Still, when they’re not being human filth, they are devouring the apparently endless sludge of platitude, cliché and middle-class smugness dished up by Rowling, which is better than them licking razor-blades and throwing hand-grenades at poor people. Enter the ‘at least they’re reading” school of thought, clung to by parents who have clearly long since surrendered their parenting duties to teachers and television.

It is a philosophy that has spawned a curious piece of logic: if you get children reading schlock, they’ll grow into adults who will explore the classics. This is rather like hoping that if you get your child addicted to crack, he’ll quickly develop a fine nose for wines and a taste for haute cuisine.

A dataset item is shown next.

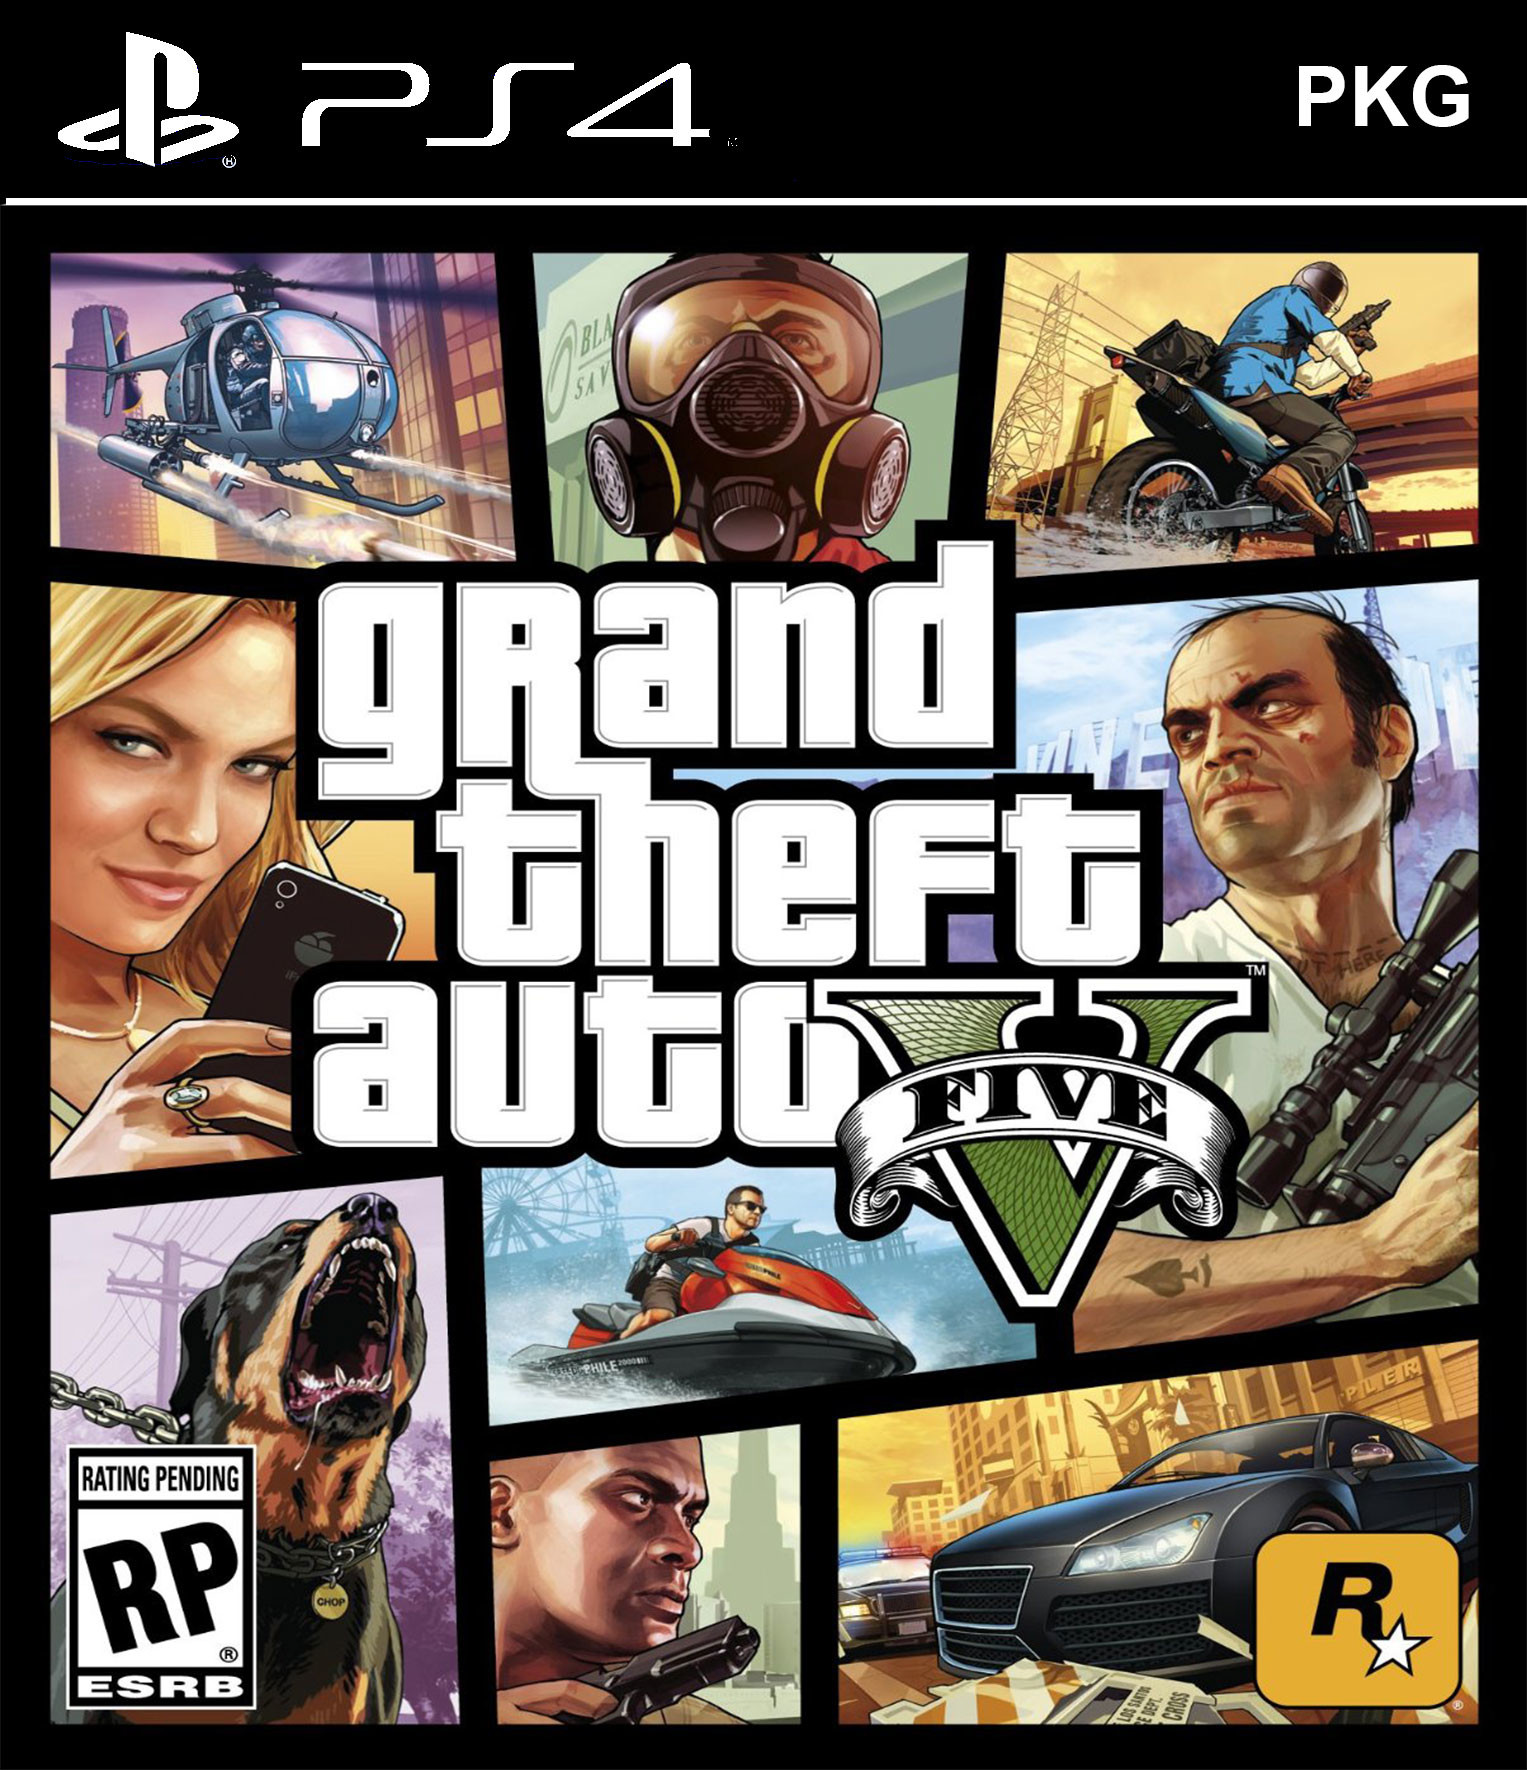 Grand Theft Auto V PKG Oyun İndir ! [4.05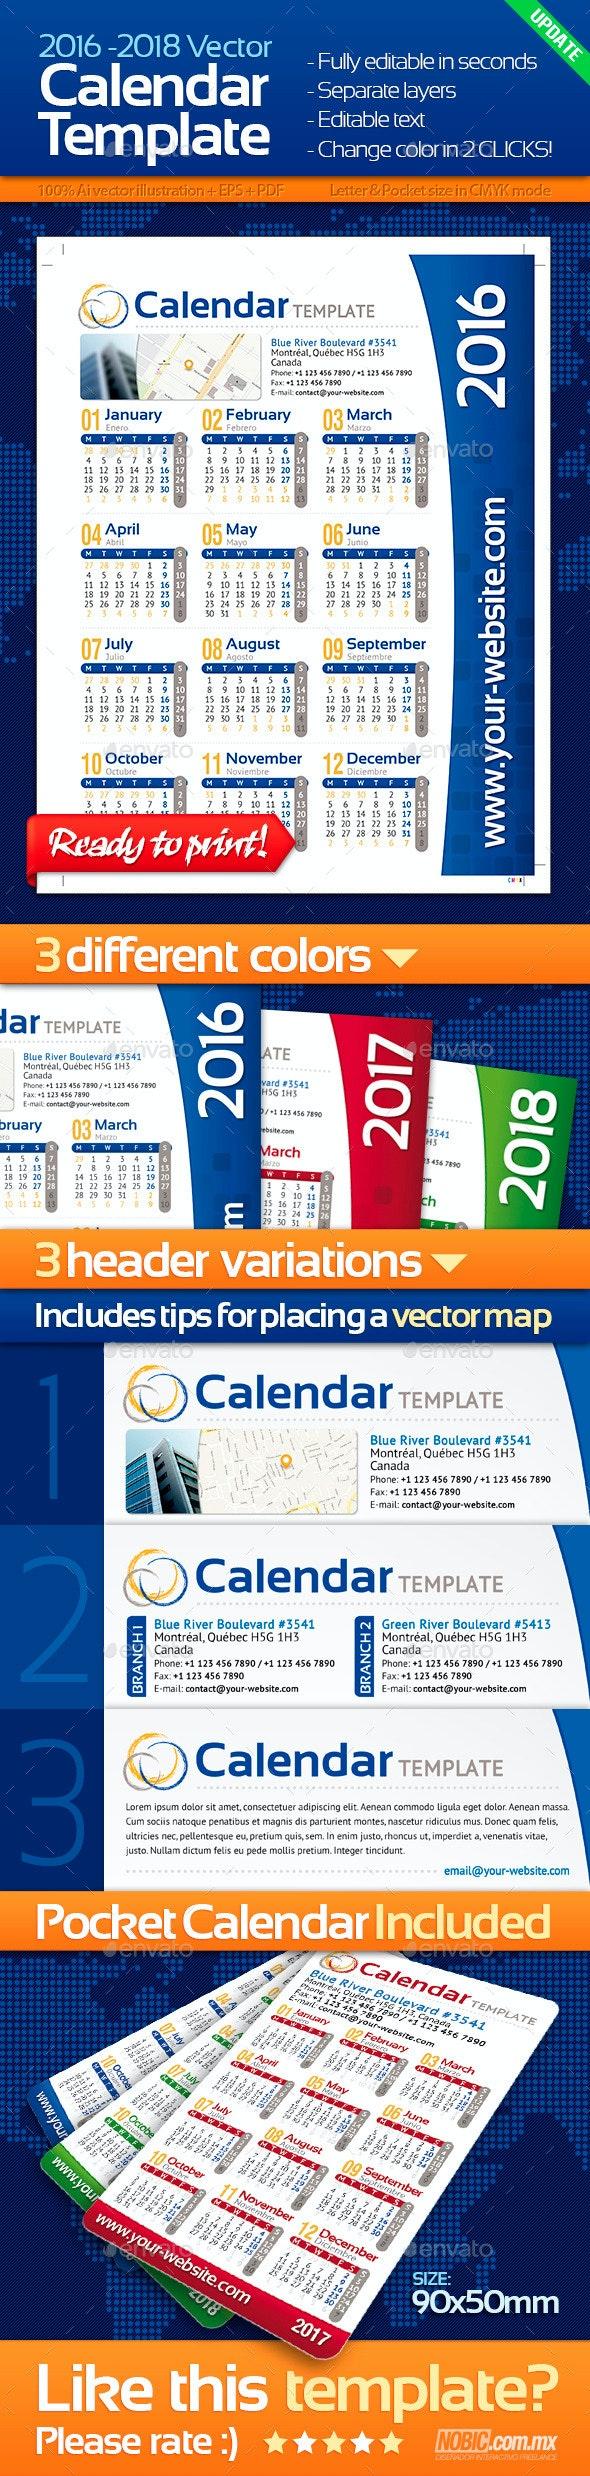 2016, 2017 and 2018 Calendar Template - Calendars Stationery

In reality, though, the crack addicts stay crack addicts and the pushers — such as Rowling, Dean Koontz and John Grisham — invest in new fur for the dashboards of their Mustangs and continue to bounce through the literary hood on their hydraulic suspension, tucking C-notes into the G-strings of their honeys as they play La Cucaracha on their horns.

Rowling’s fantasy world is dull as dishwater (which, incidentally, is the kind of phrase she’d employ without the faintest blush), but perhaps the critic should ask what alternatives she had.

After all, what fantastical inspirations are available to the middle-class typist looking to make a buck? And frankly, rather she exhumed the festering carcass of some idyllic British never-never land of the 1950s, all scabby with Enid Blyton, than she drew on current events. Who knows what our children might have been reading?

Harry Potter and the Prisoner of Afghanistan? The 101st Airborne Division arriving to liberate Hogwarts, introducing new boy Gunnery Sergeant Butch who thrills and fascinates with his ability to choke people unconscious with the heel of his boot? How about Harry Potter and the Half-Pint Prince, in which the wizard and his pals are sent to save the diminutive Prince Albert of Monaco after it emerges that he has been possessed by a spiteful fairy and will surely go bald unless he persuades the kingdom that he is heterosexual?

On second thought, let her write what she likes.